- →Microplastics found in 83% of global tap water samples. Australian mains water typically contains single-digit particles per litre.
- ✗Bottled water has roughly 2× the microplastic concentration of tap water. Switching to bottles makes things worse, not better.
- ✓RO removes >99% including nanoplastics. Solid carbon block (rated 1μm or below) removes most microplastics. UV, sediment, and KDF have no effect.
- →Health science is still developing — no definitive harm proven at current exposure levels, but it's a reasonable precaution.
- ✓Ask suppliers for the absolute micron rating of their carbon block — 1μm or below for reliable microplastic removal.
What are microplastics?
Microplastics are plastic particles smaller than 5 millimetres in diameter. They exist on a huge size spectrum — from fragments visible to the naked eye all the way down to nanoplastics smaller than 1 micrometre, which are invisible and can penetrate individual cells.

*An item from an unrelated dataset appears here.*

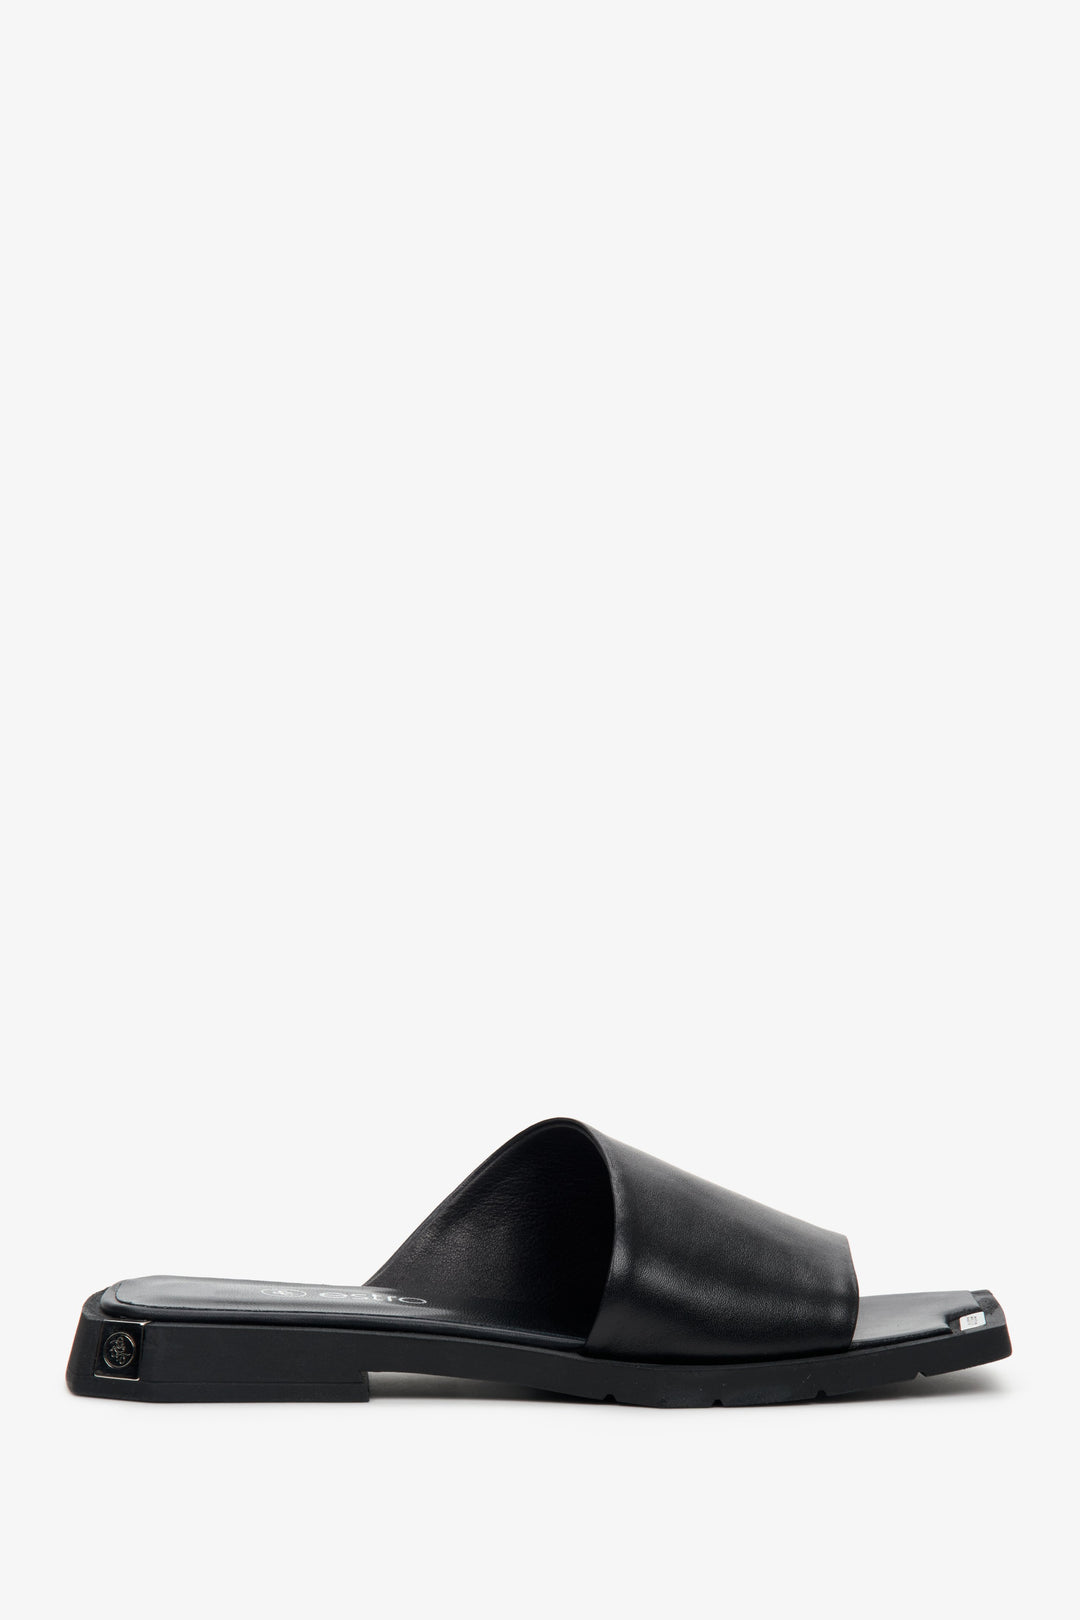 Women's flat mules for summer in black Estro made of natural leather - presentation of the tip and sideline of the shoes.

They come from two main sources. Primary microplastics are intentionally manufactured at small sizes — microbeads in personal care products, plastic pellets (nurdles) used as raw material in manufacturing, and synthetic fibres shed from clothing during washing. Secondary microplastics form when larger plastic items break down through UV exposure, physical weathering, and wave action.
Once in the environment, microplastics are effectively impossible to remove at scale. They've been found in the deepest ocean trenches, in Antarctic ice cores, in remote mountain air, and in the bodies of wildlife across the food chain. In Australia, they've been detected in Great Barrier Reef waters, in Sydney Harbour sediments, and in numerous drinking water studies.
Are microplastics in Australian tap water?
Yes — microplastics have been detected in tap water samples from Australian cities, as they have in virtually every country where drinking water has been tested. A major 2017 global study analysed tap water from multiple countries and found microplastic contamination in approximately 83% of samples. Australian samples were among those tested.
To be clear about context: the concentrations found in treated town water are generally low — typically single-digit to low double-digit particles per litre. This is significantly lower than the concentrations found in some bottled waters (more on that below) and in seafood. The contamination appears to enter the water supply through a combination of atmospheric deposition, pipe infrastructure, and limitations in water treatment.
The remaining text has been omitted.